Multi-scale failure modes in pure forward PINN

Part 5 — Forward modelling and where PINNs fall short

Learning objectives

Sweep the spatial frequency k of the source/IC and watch PINN's error grow
Confirm that FDTD's accuracy is k-independent (as long as Δx resolves the wavelength)
Connect this to the §0.9, §2.2, §3.1 spectral-bias diagnosis
Recognise that architectural fixes (Fourier features, SIREN) help but don't close the gap

§5.3 showed FDTD beating PINN on a fixed problem. This section asks: how does the gap scale with the difficulty of the problem? The answer: it widens dramatically as the wavefield gets multi-scale.

The setup

Same 1D wave problem, but with eigenmode IC $u(x, 0) = \sin(k \pi x)$ for $k \in {1, 2, 3, 4, 6}$ . Analytic solution $u(x, t) = \sin(k \pi x) \cos(k \pi t)$ . Both temporal and spatial frequency scale linearly with $k$ .

FDTD at $N_x = 400$ (well above Nyquist for all $k \le 6$ , where Nyquist requires $N_x \geq 2 \cdot 2k = 4k$ ).
PINN at fixed 1500 epochs with vanilla 2-32-32-1 Tanh (no Fourier features).

Try it

What you should observe

FDTD relative-L² grows mildly with $k$ (numerical dispersion is $O(k^2 \Delta x^2)$ for 2nd-order central differences). At $N_x = 400$ this means a few $\times 10^{-5}$ at $k = 1$ rising to ~ $10^{-3}$ – $10^{-2}$ at $k = 6$ . Still well under 1%.
PINN relative-L² climbs much more steeply: ~10–20% at $k = 1$ , saturates near 100% (random-output level) for $k \ge 2$ . The vanilla MLP at 1500 epochs simply cannot fit the high-frequency target — spectral bias.
The PINN/FDTD ratio is dominated by the PINN failure: 100× to 1000+× across the range. The spectral-bias problem is the dominant scaling story; FDTD's $O(k^2 \Delta x^2)$ dispersion is a footnote by comparison.

The diagnosis

This is pathology #2 from §3.1 (spectral bias) reasserting itself in seismic forward-modelling clothes. The Tancik 2020 NTK theory predicts the convergence rate of mode $k$ scales like the inverse of the eigenvalue of the NTK at frequency $k$ , which decays exponentially. So vanilla MLPs simply cannot resolve high-frequency content within any practical training budget.

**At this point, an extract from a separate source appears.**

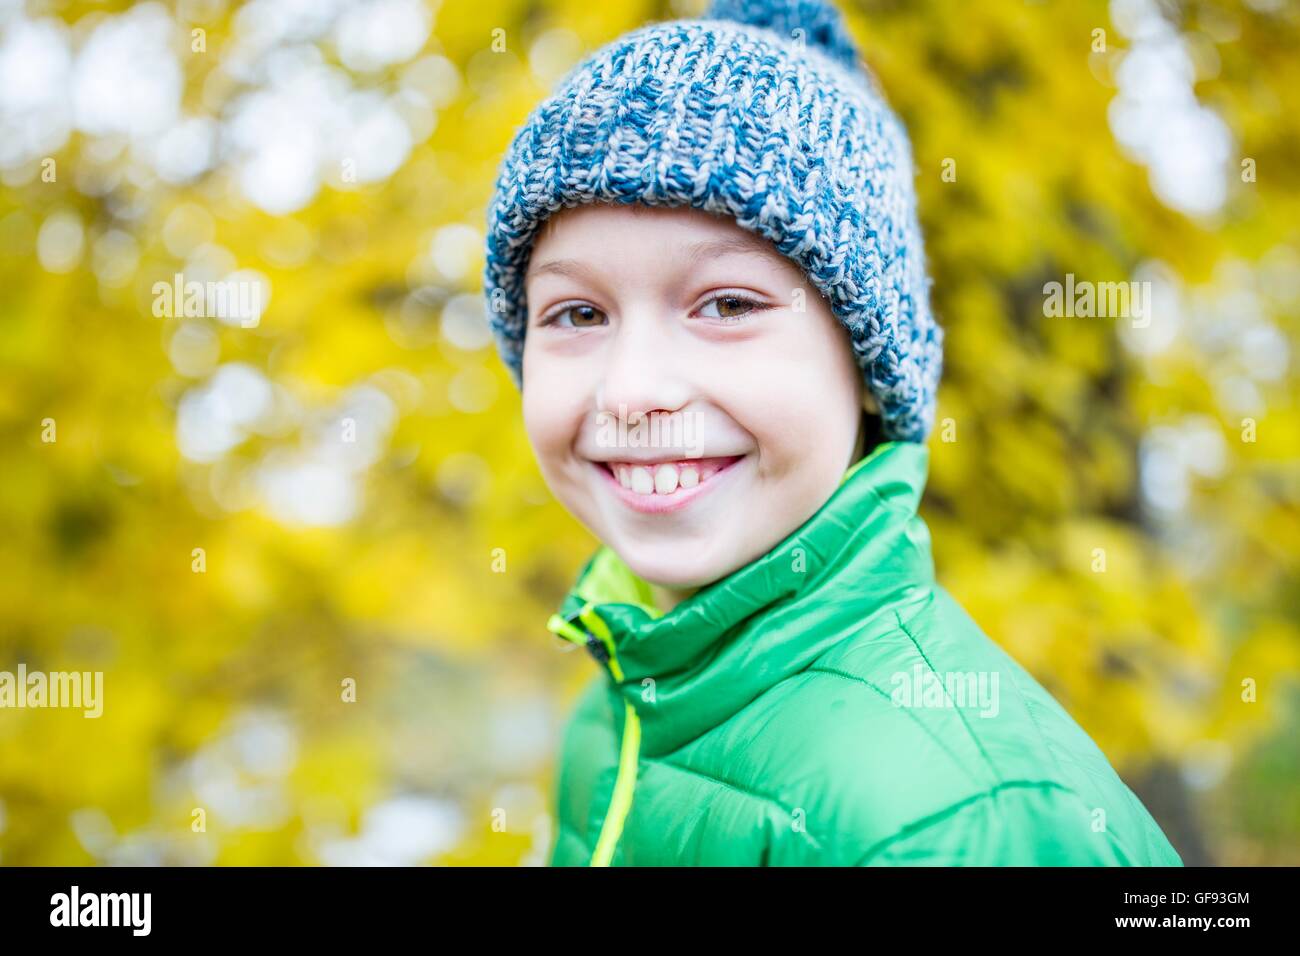 Parution du modèle. Boy wearing woolly hat and smiling, close-up, portrait. Banque D'Images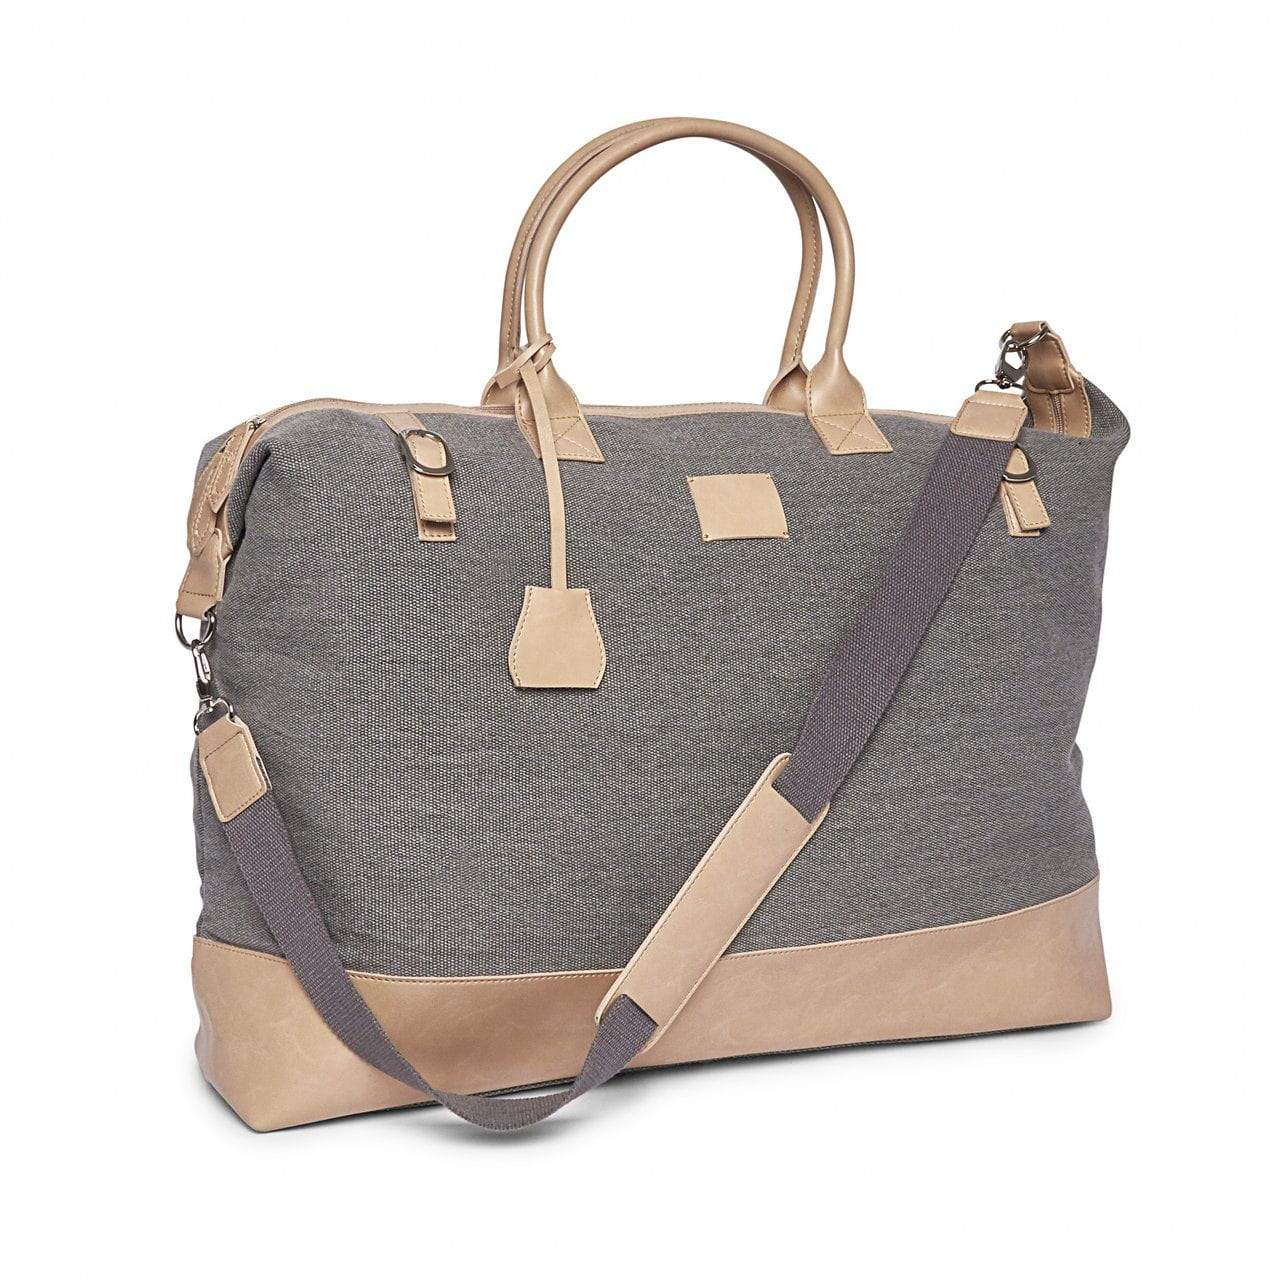 Brouk & Co Handbags Hartford Weekender Bag

Architectural fixes from Part 2 partially help:

Fourier features (§2.2): γ(x) = [sin(2πBx), cos(2πBx)] with random $B \sim \mathcal{N}(0, \sigma^2)$ . Choose $\sigma$ to cover the $k$ band. Flattens the convergence curve substantially. Still slower than FDTD by ~100×.
SIREN (§2.3): $\sin(\omega_0 x)$ activations with carefully tuned $\omega_0$ . Similar effect.
Multi-scale Fourier (§2.5): combine multiple $\sigma$ values. Best for genuinely multi-scale targets.

None of these close the cost gap with FDTD for forward modelling. They open the door to inverse problems where the network represents the unknown velocity field, not the wavefield (Part 6).

References

Tancik, M., et al. (2020). Fourier features let networks learn high frequency functions in low dimensional domains. NeurIPS.
Wang, S., Yu, X., Perdikaris, P. (2022). When and why PINNs fail to train: A neural tangent kernel perspective. JCP 449. The NTK analysis of spectral bias in PINN.